The Decarcerate Plainfield and NJ Youth panel discussion is tomorrow, Tuesday, February 24. Take a glimpse at mass incarceration through these 24 mind-blowing stats about the size and scope of prison in America, and its inequality:
1. The US has the highest prison population, by both proportion and number, in the world, having 5% of the world’s population and 20% of its prisoners. There are around 2.2 million incarcerated people in America.

Source: “The Growth of Incarceration in the United States: Exploring Causes and Consequences,” The National Research Council, 2014.
2. For blacks and Latinos, the story is far worse. As of 2010, the Hispanic rate stands at 742, and African-American incarceration is 2,207 per 100,000. For whites it’s 412 – which itself is almost three times as high as most industrialized countries.
3. The US incarceration rate has risen four fold since the 1970s – the actually population nearly 8 times. The is largely due to the large scale admission of those sentences for drug crimes.
4. The incarceration rates for those of Puerto Rican descent is harder to pin down, but based on the limited data available, it’s likely upwards of 1,000 per 100,000.
5. The most imprisoned ethnicity elsewhere in the world are likely the Maori people of New Zealand, with 700 per 100,000.
6. African-Americans are 0.6% of the world population and around 12% of its prisoners.
7. Thirty-seven percent of black male high school dropouts between 20 and 34 are in jail on any given day, and the vast majority will go to jail at some point in their lifetime. The incarceration rates of white men of that age range with no diploma (12%) are far lower in comparison, yet still exceedingly high.

Percentage of men aged 20 to 34 in prison or jail, by race/ethnicity and education, 1980 and 2008. Source: Becky Pettit, Bryan Sykes, and Bruce Western “Technical Report on revised Population Estimates and NLSY79 Analysis Tables for the Pew Public Safety and Mobility Project (harvard University, 2009)
8. Unemployment rates do not include the incarcerated. Inclusion would show a much different picture of the US economy, and the inclusion of younger blacks and latinos in that economy.
9. The American incarceration rate declined by 0.4% from 2012 to 2013. At that rate, it would take over 200 years to bring the US prison rate back down to pre-1980 numbers.
10. This is despite the fact that crime rates have fluctuated wildly over the past three decades, with no direct relation to increases of incarceration. Violent crime increased to a 1991 peak before returning to around 1980 levels in 2014.
11. A full 55% of men and 73% of women in prison have symptoms of a current mental health problem.
12. Hispanics are twice as likely as whites to be incarcerated nationwide. That number rises to as high as seven times in Massachusetts, Pennsylvania, and Connecticut, partly due to highly incarcerated Puerto Rican communities.
13. Rates of children admitted to adult prison was seven times higher amongst blacks compared to whites. Hispanic and Native American juveniles were twice as likely to suffer this fate.
14. Blacks are hardly more likely to smoke marijuana than whites, yet are 3.7 times more likely to be arrested – as high as 8 times in some states, a ratio that grows to 10:1 in certain counties. Ninety percent of weed arrests are for possession alone.
15. Regardless, in many states these minor convictions effect employment prospects and sentencing for future offenses despite the fact that only 6% of arrests lead to felony convictions.
16. Marijuana provides police with a plausible crime they can use as justification to perform otherwise illegal searches and seizures of African-Americans and Hispanics that potentially find more punishable offenses.
17. Blacks are ten times more likely than whites to go to prison for drug offenses, largely explained by hyper-surveillance.
18. Hispanics in federal prison are half as likely (19%) to have been treated for substance abuse as whites (39%).
19. Solitary confinement – living alone in a cell for 23 to 24 hours per day- is torture by many international standards. US prisons confine inmates for all sorts of reasons, including unverified accusations from other inmates, political activity, and organizing.

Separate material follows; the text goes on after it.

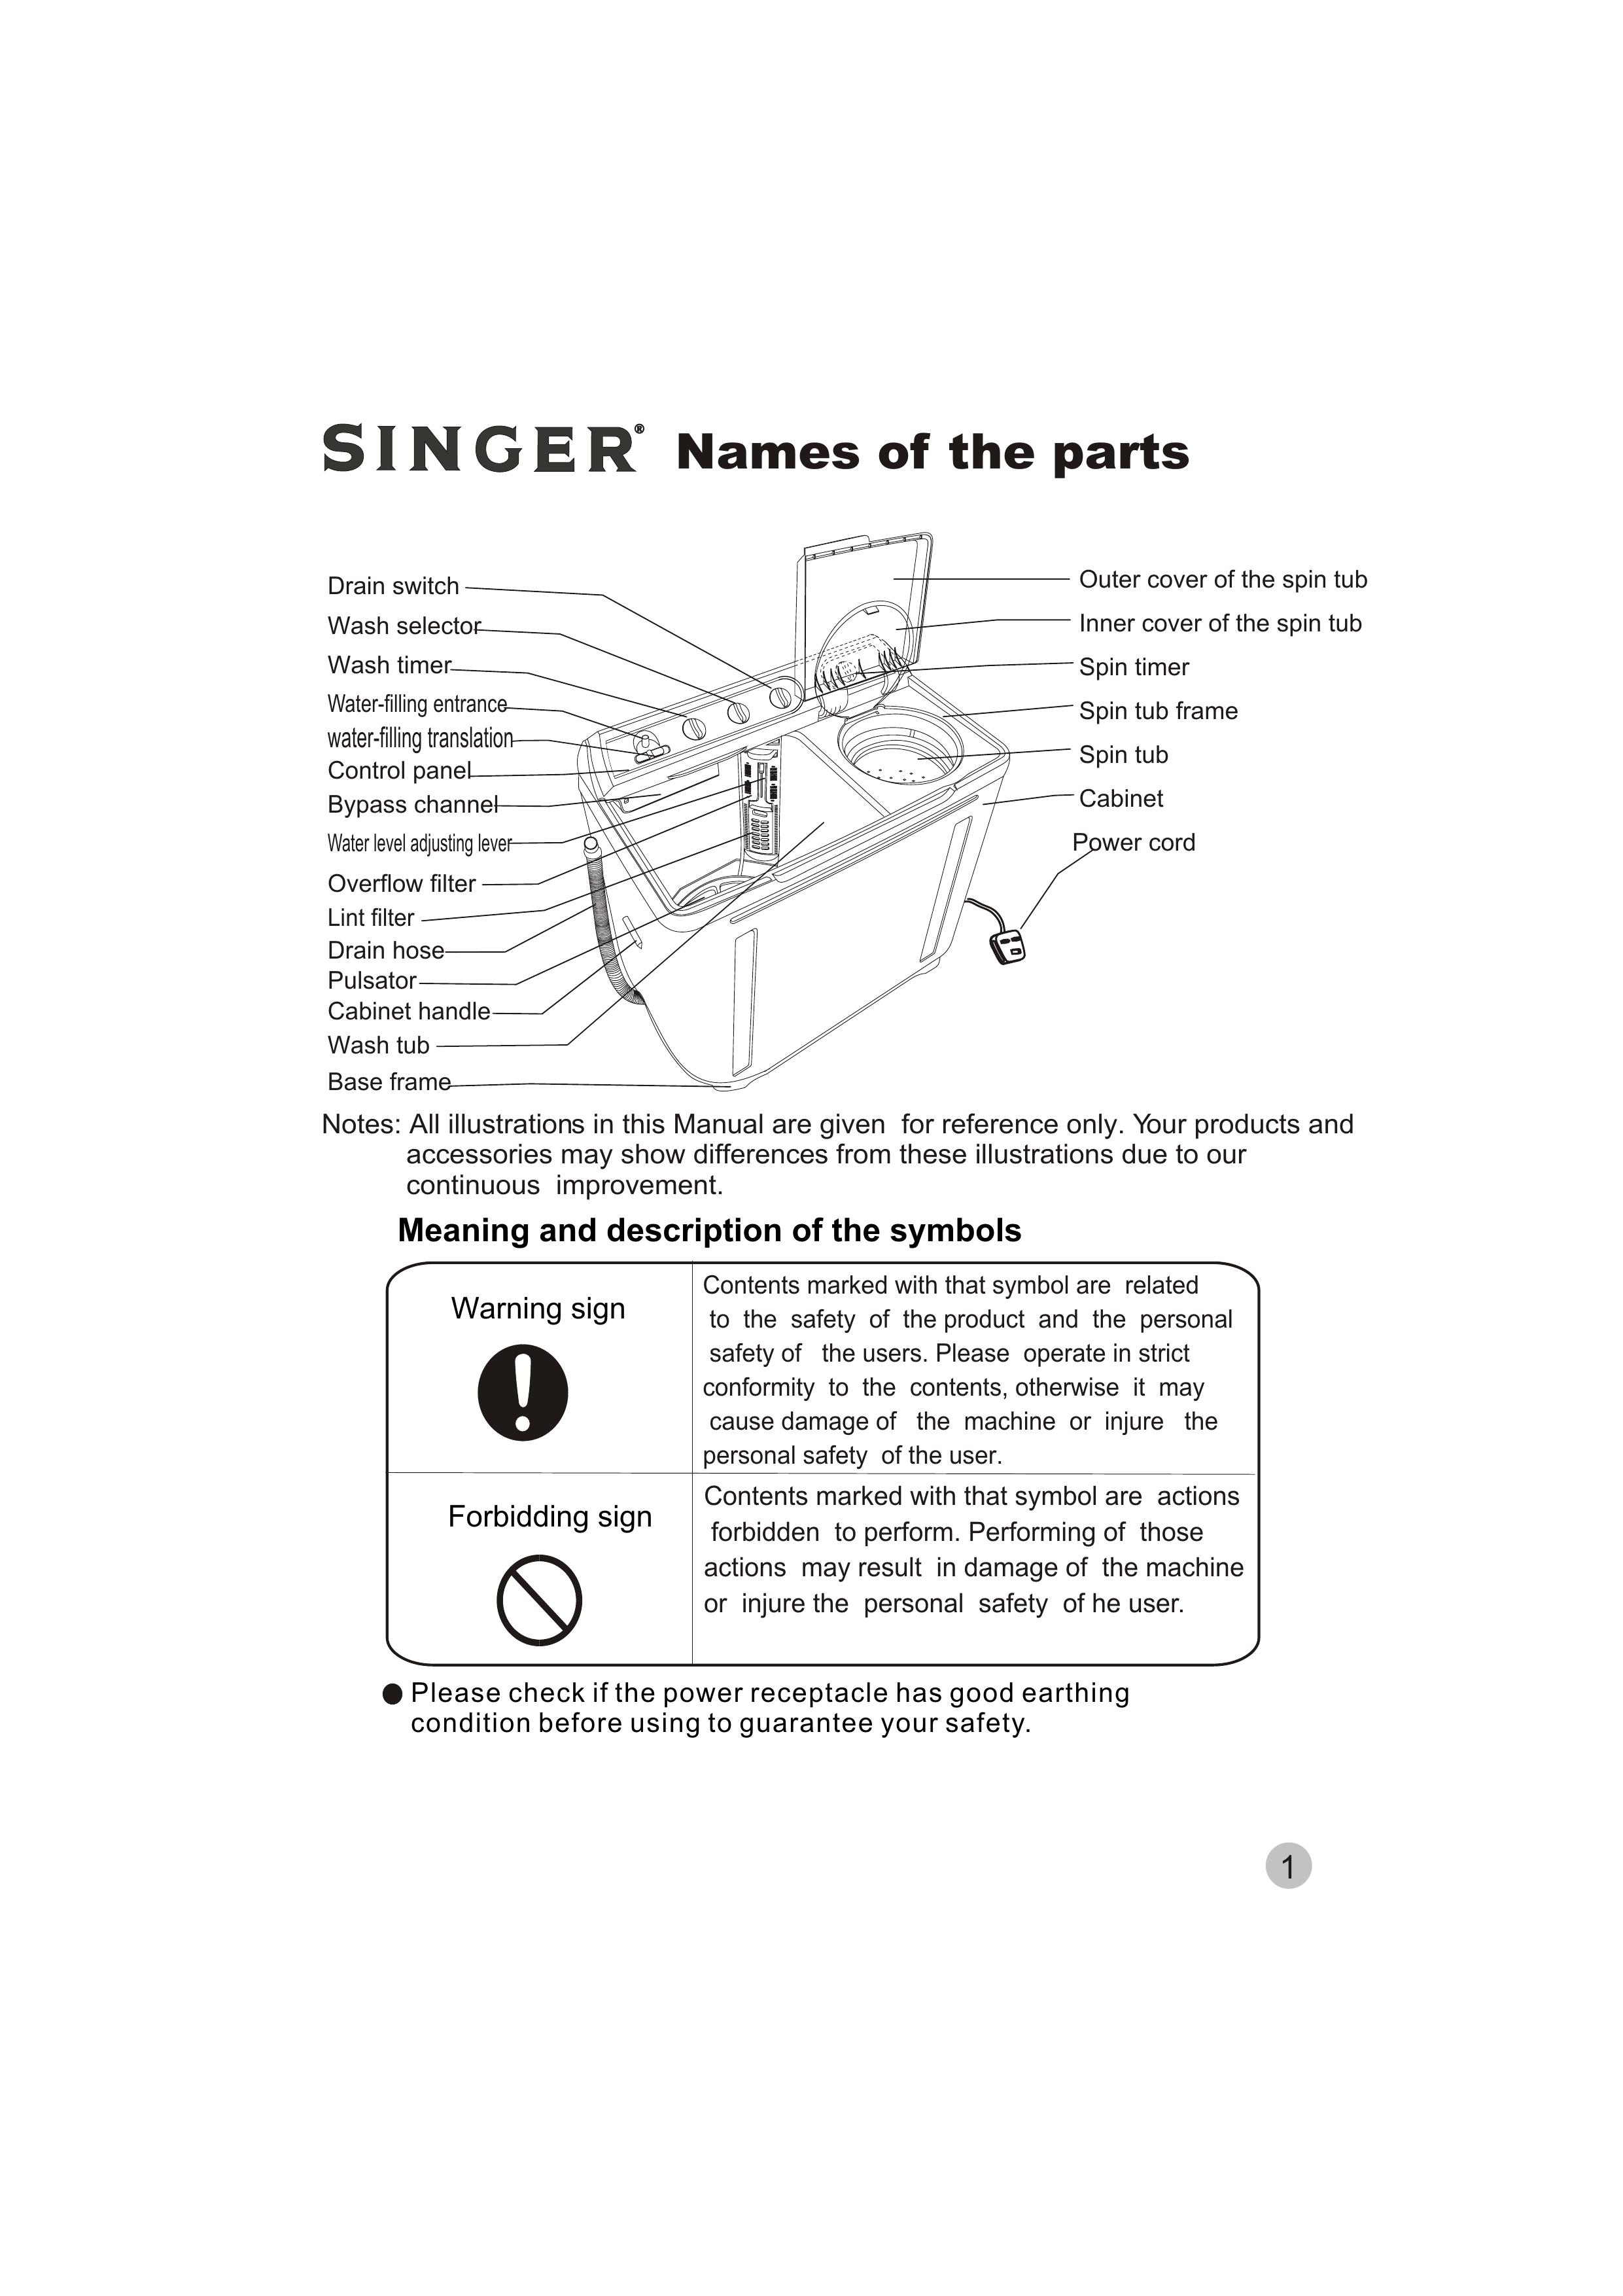 Singer WT5113 Washer/Dryer User Manual (Page 2)

20. A 2000 study found that over 80,000 American prisoners were held in solitary confinement. Current estimates are similar. This figure doesn’t include prisoners in solitary in juvenile facilities, local jails, and immigrant detention centers.

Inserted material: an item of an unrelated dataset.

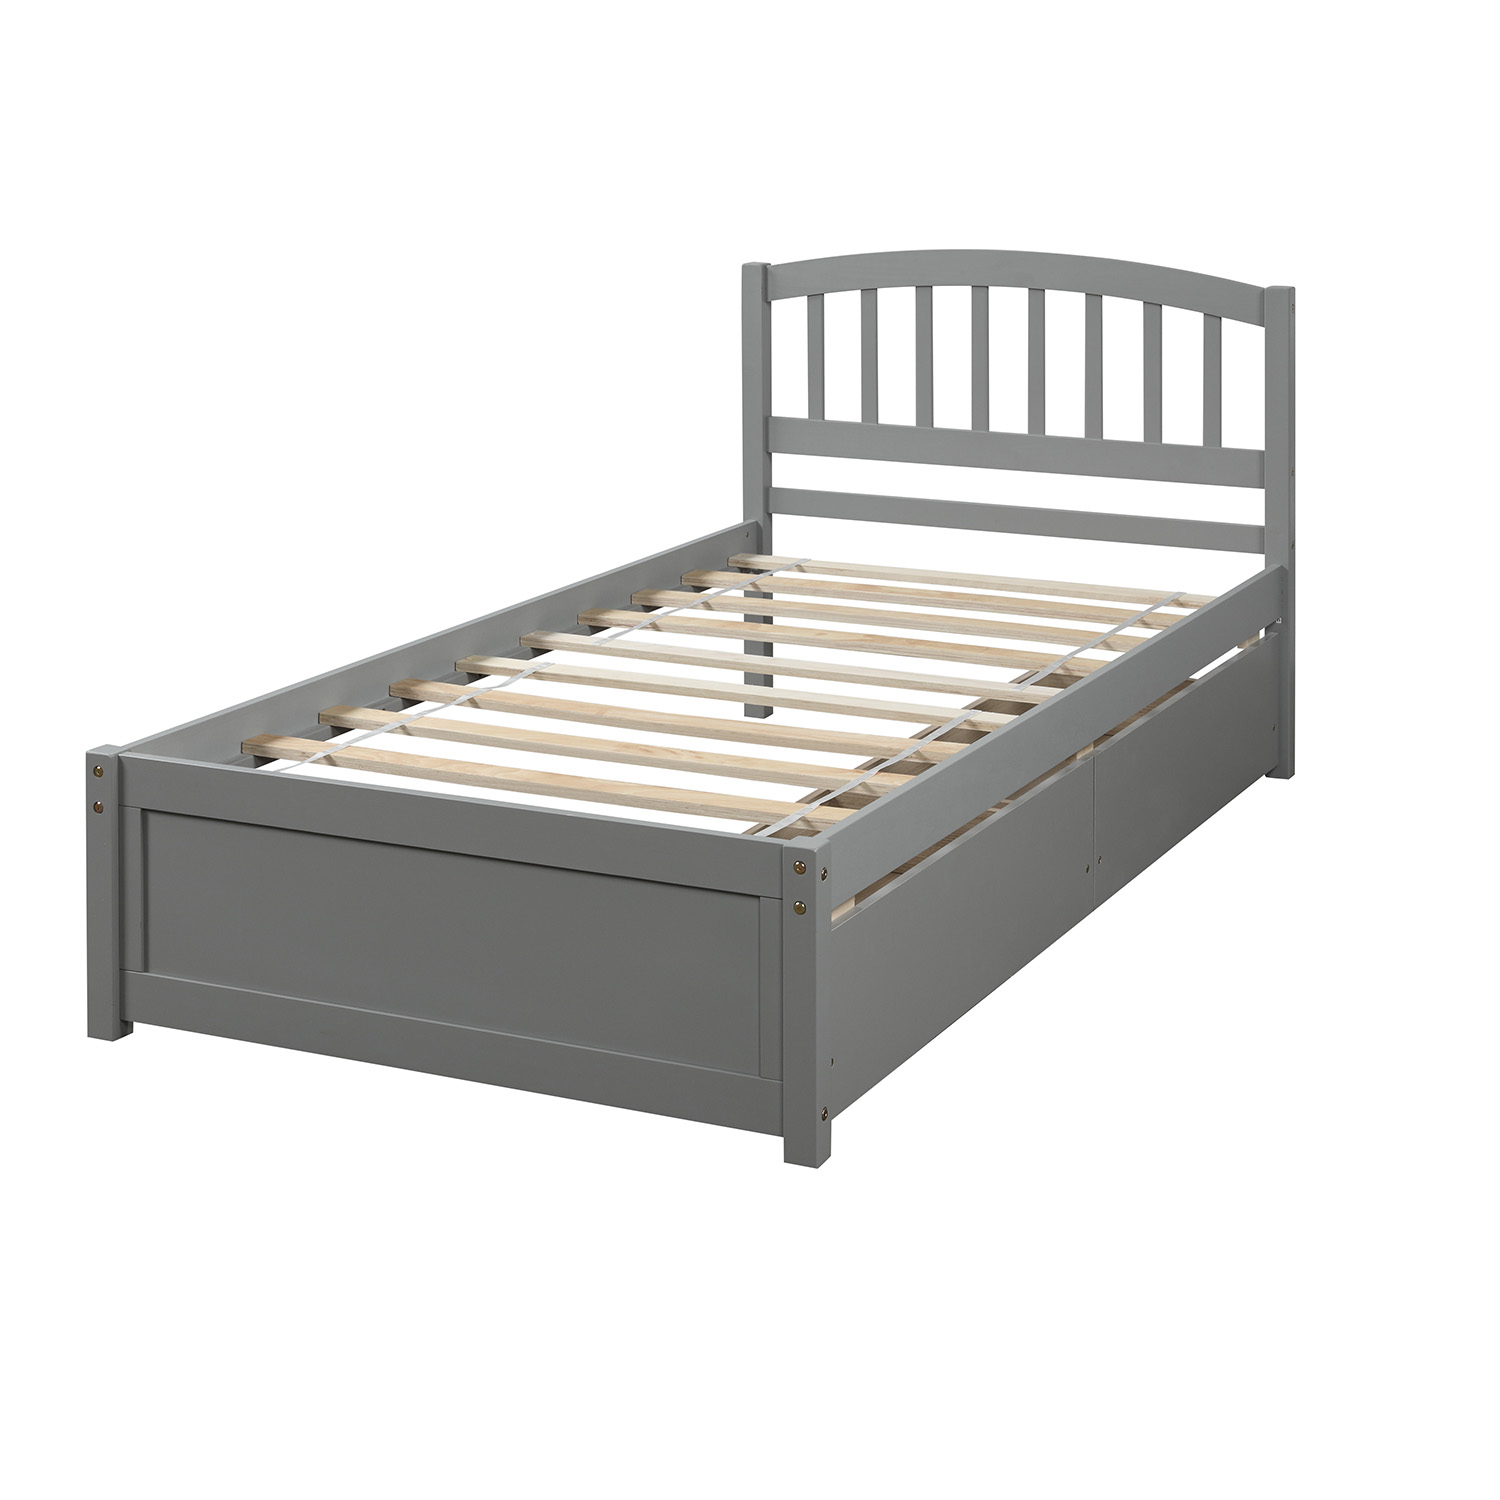 Moda Furnishings Twin Platform Storage, Platform Bed With Drawers Twin Size

21. One in 19 black women will go to jail. One in 45 hispanic women. One in 118 white women.
22. One in 25 women are pregnant while admitted to state prisons, one in 33 for federal inmates. A majority of babies are separated immediately following birth.
23. Women are even more likely to have committed a non-violent and drug offense than men. 54% of men were admitted for violent crimes nationally, against only 35% of women.

Men are in orange, women in blue. Source: Carson, A. & Sabol, W. (2012). Prisoners in 2011. Washington, DC: Bureau of Justice Statistics
24. The consequences of having a conviction far outlast the sentence – and regardless of whether time is served. They often lead to lifetime disenfranchisement in employment, voting, and ability to receive government aid.